A manual cleanup routine got stalled and caused a lock on certain database tables that are necessary to manage encoding jobs. The API-related endpoints returned HTTP 500 errors during that time. Customers depending on that endpoint (either directly via the API or indirectly via the dashboard) could not properly do so. After identifying and fixing the cause, the involved endpoints returned to normal operation.
The issue occurred on December 1, 2023, between 07:40 and 8:15. All times in UTC.
A routine manual cleanup procedure caused a lock on certain database tables and stalled so that the locks could not be released. Services depending on this database resource were then impacted and unable to process API requests.
Customers were not able to start encodings. Some encoding jobs had longer than expected turnaround times. The involved API requests targeting the encoding endpoint returned HTTP 500 errors.
The faulty database operation was identified and terminated.
07:40 - Internal alerts notified the team about failures.

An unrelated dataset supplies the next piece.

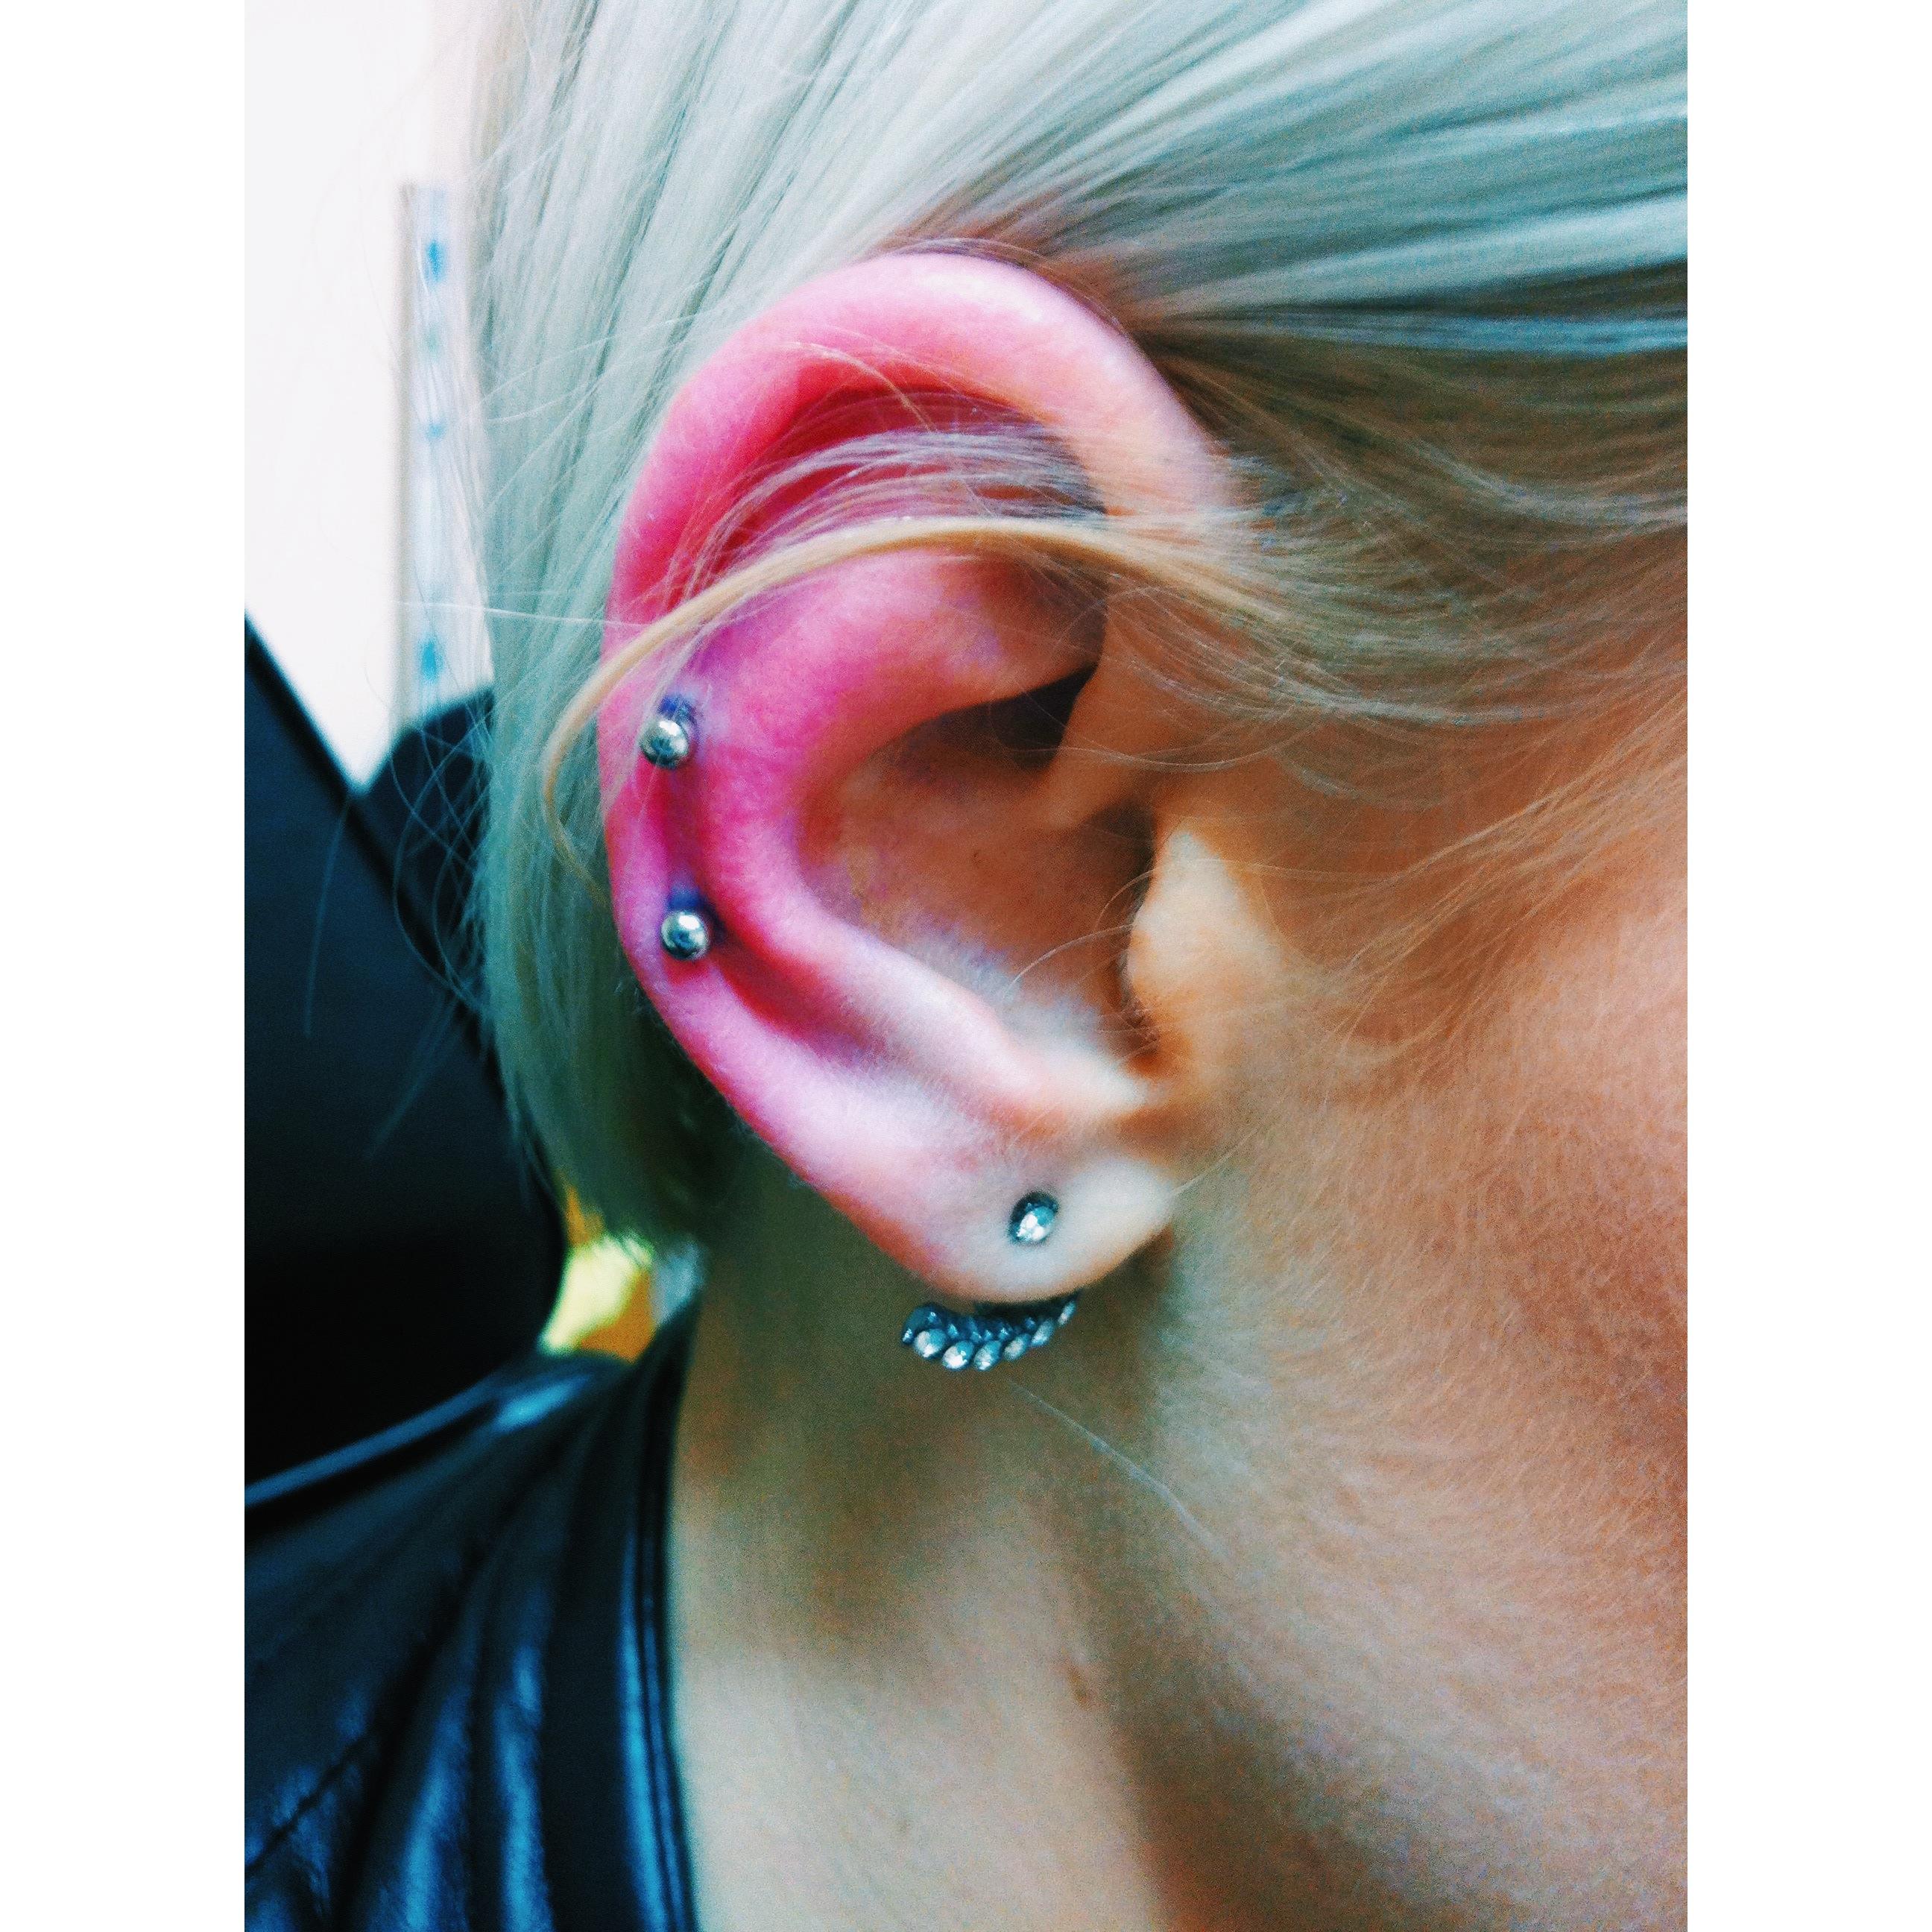 Katrin's Double Helix Piercings

07:50 - The team began investigating.
08:00 - The faulty component was identified. The team began investigating the involved operations.
08:15 - The faulty operation was identified and terminated. The affected service recovered. 08:20 - The team kept monitoring and verifying the proper operation of the service.
The process for the cleanup procedure has been updated to not use the procedure that caused this incident.
The team will analyze this procedure in detail to understand why it caused a lock on the database and stalled. Measures to prevent this procedure from stalling will be taken.
As soon as the updated procedure is safe again, the team will continue to use it to fulfill the required maintenance tasks.